This awareness is a wonderful thing. But if we want to harvest the political opportunity it presents, and channel the bad feelings swirling around tech into something more enduring and transformative, we need to radicalize the conversation. The techno-skeptical turn is fragile, incomplete—it needs to be consolidated, intensified. It’s good that more people see a problem where they didn’t before. The next step is showing them that the problem is much larger than they think.
The problem is not personal. Yes, our private lives are being pillaged on an unprecedented scale. Information as trivial or as intimate as our favorite sandwich or our weirdest sexual fantasy is being hoarded in data centers and strip-mined for profit.
But big data is bigger than that. It is not merely the mechanism whereby Google learns you’re pregnant. It is not confined to the cluster of companies that we know, somewhat imprecisely, as the tech industry.
Rather, big data describes a particular way of acquiring and organizing information that is increasingly indispensable to the economy as a whole. When you think about big data, you shouldn’t just think about Google and Facebook; you should think about manufacturing and retail and logistics and healthcare. You should think about pretty much everything.
Understanding big data, then, is crucial for understanding what capitalism currently is and what it is becoming—and how we might transform it.
What Makes Data Big?
As long as capitalism has existed, data has helped it grow. The boss watches how workers work, and rearranges them to be more efficient—this is a good example of how surveillance generates information that’s used to improve productivity. In the early twentieth century, Frederick Winslow Taylor made systematic surveillance of the productive process a key part of “scientific management,” a set of widely influential ideas about how to increase industrial efficiency.
Data is useful for capitalism. That’s not new. What’s new is the scale and significance of data, thanks to breakthroughs in information technology.
Take scale. Digitization makes data infinitely more abundant, because it becomes much easier to create, store, and transmit. You can slap a sensor on almost anything and stream data from it—an assembly line, a gas turbine, a shipping container. Our ability to extract information from the productive process in order to optimize it has reached a level of sophistication far beyond anything Taylor could’ve ever imagined.
But observing the productive process isn’t the only way we create data. More broadly, we create data whenever we do anything that is mediated or monitored by a computer—which, at this point, is almost everything. Information technology has been woven into the entire fabric of the economy. Just because you’re not directly using a computer doesn’t mean you’re not making information for someone somewhere. Your credit score, your healthcare history—simply by virtue of being alive in an advanced capitalist country, you are constantly hemorrhaging data.

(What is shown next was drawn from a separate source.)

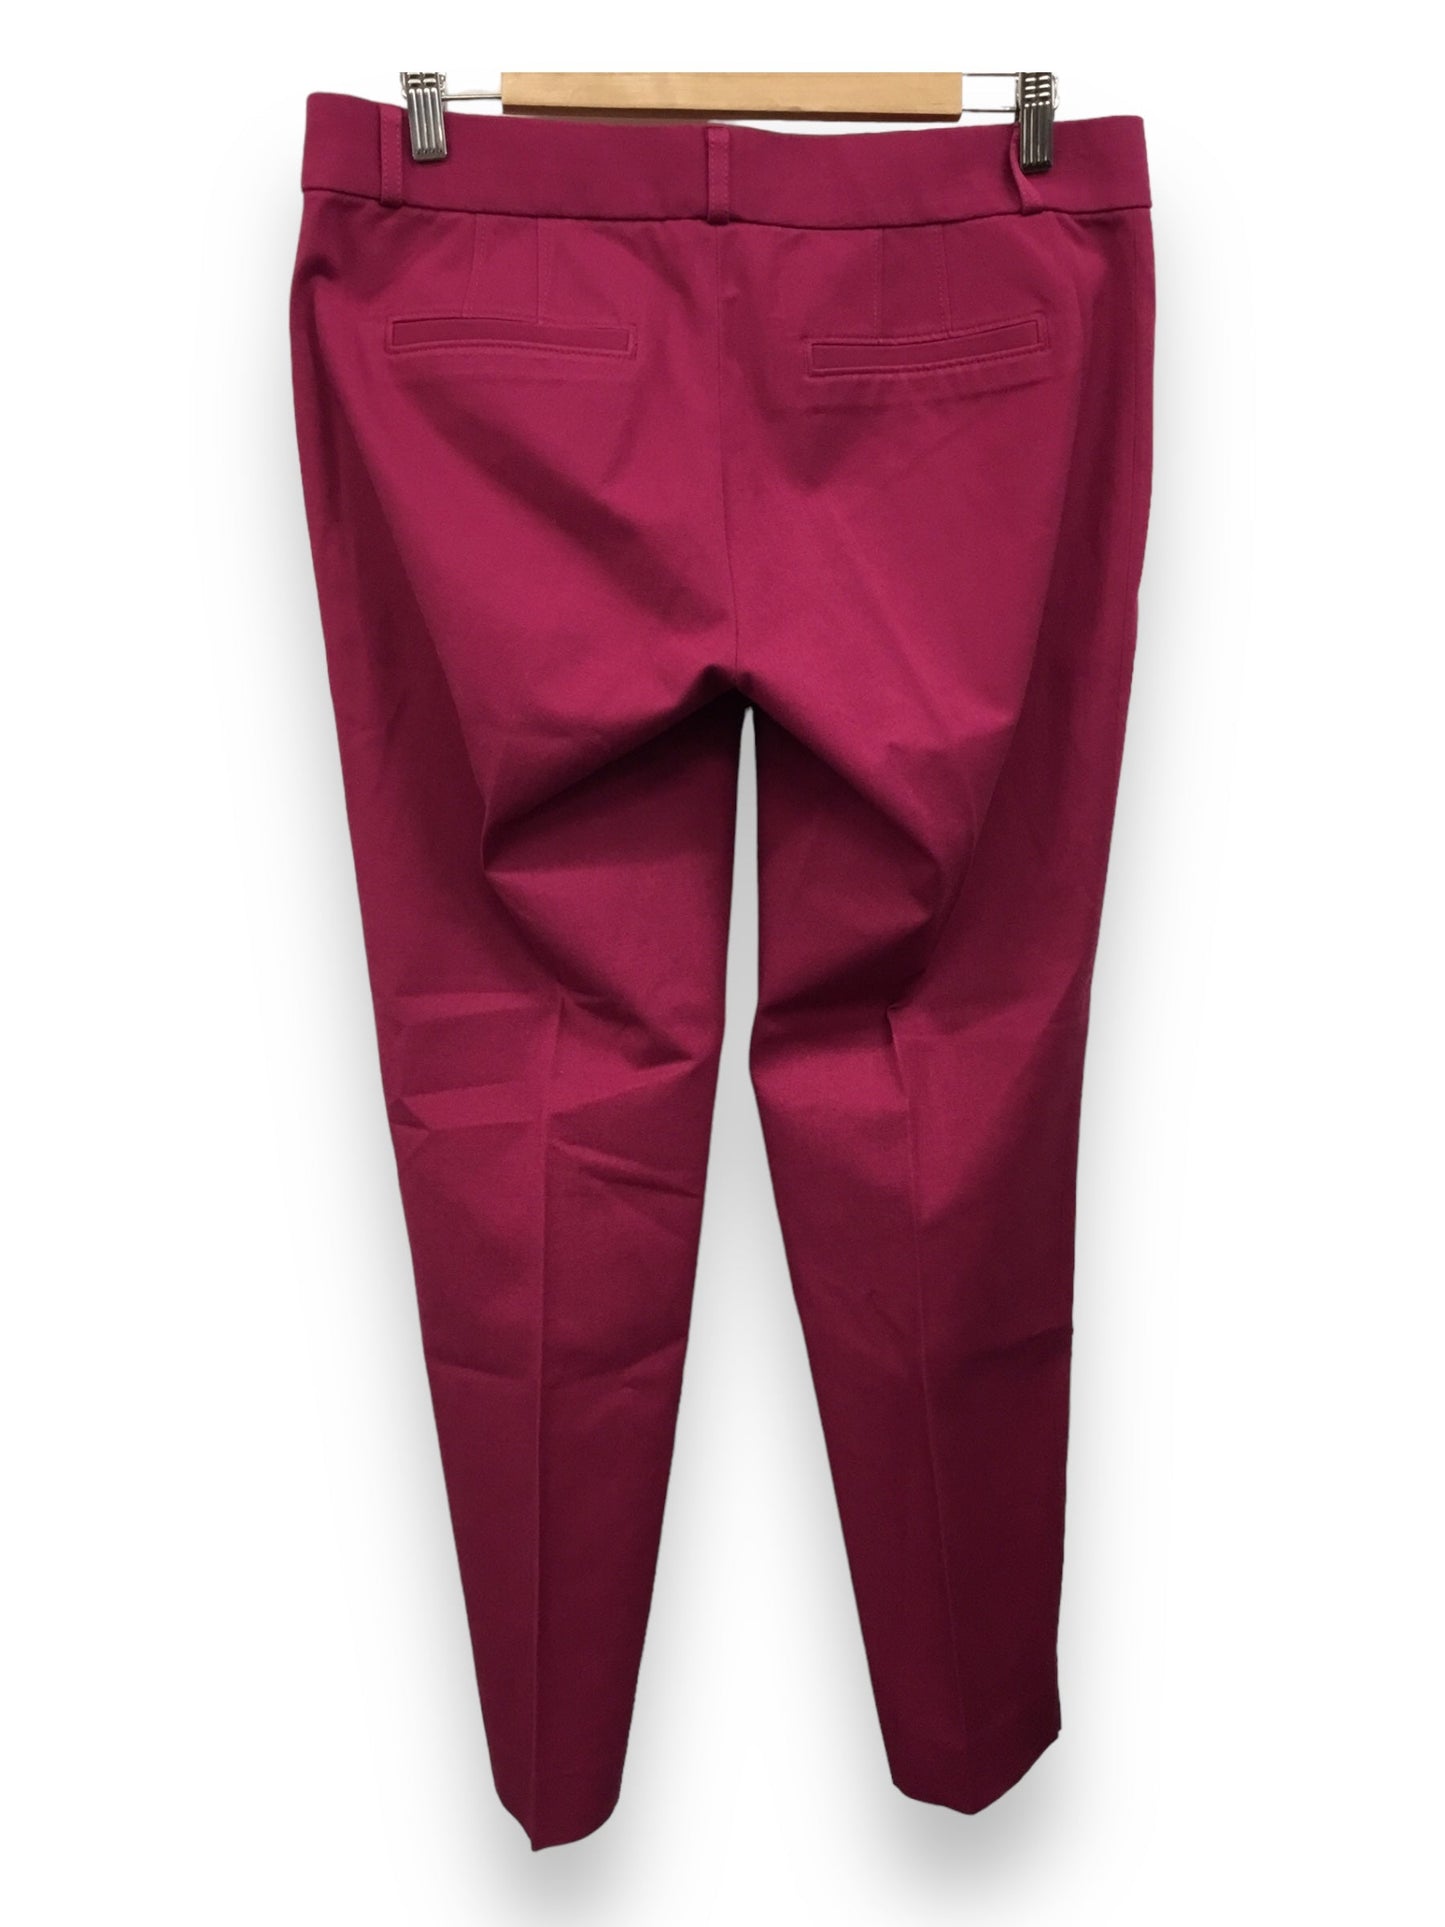 Pink Pants Dress Banana Republic, Size 8

No single technology contributes more powerfully to our perpetual data hemorrhage than the internet, of course. The internet both facilitates the flow of data and constantly creates more of it. It goes without saying that everything we do online leaves a trace. And companies are working hard to ensure that we leave more traces, by putting more of our life online.
This is broadly known as the “Internet of Things”: by placing connected devices everywhere, businesses hope to make corporate surveillance as deeply embedded in our physical environment as it is in our virtual one. Imagine a brick-and-mortar store that watches you as closely as Facebook, or a car that tracks you as thoroughly as Google. This kind of data capture will only grow in coming years, as the already porous boundary between online and off disappears.
At one level, then, big data is about literal bigness: the datasets are larger and more diverse because they are drawn from so many different sources. But big data also means that data can be made more meaningful—it can yield valuable lessons about how people or processes behave, and how they’re likely to behave in the future.
This is true for a few reasons. It’s partly because we have more data, partly because we have faster computers, and partly because developments in fields like machine learning have given us better tools for analysis. But the bottom line is that big data is driving the digitization of everything because any scrap of information, when combined with many other scraps and interpreted en masse, may reveal actionable knowledge about the world. It might teach a manufacturer how to make a factory more efficient, or an advertiser what kind of stuff you might buy, or a self-driving car how to drive.
If information can come from anywhere, then it can hold lucrative lessons for any industry. That’s why digitization is becoming as important to capitalism as financialization became during and after the 1970s. Digitization, as scholars like Shoshana Zuboff and Nick Srnicek have shown, offers a new engine of capital accumulation. It gives capitalism a new way to grow.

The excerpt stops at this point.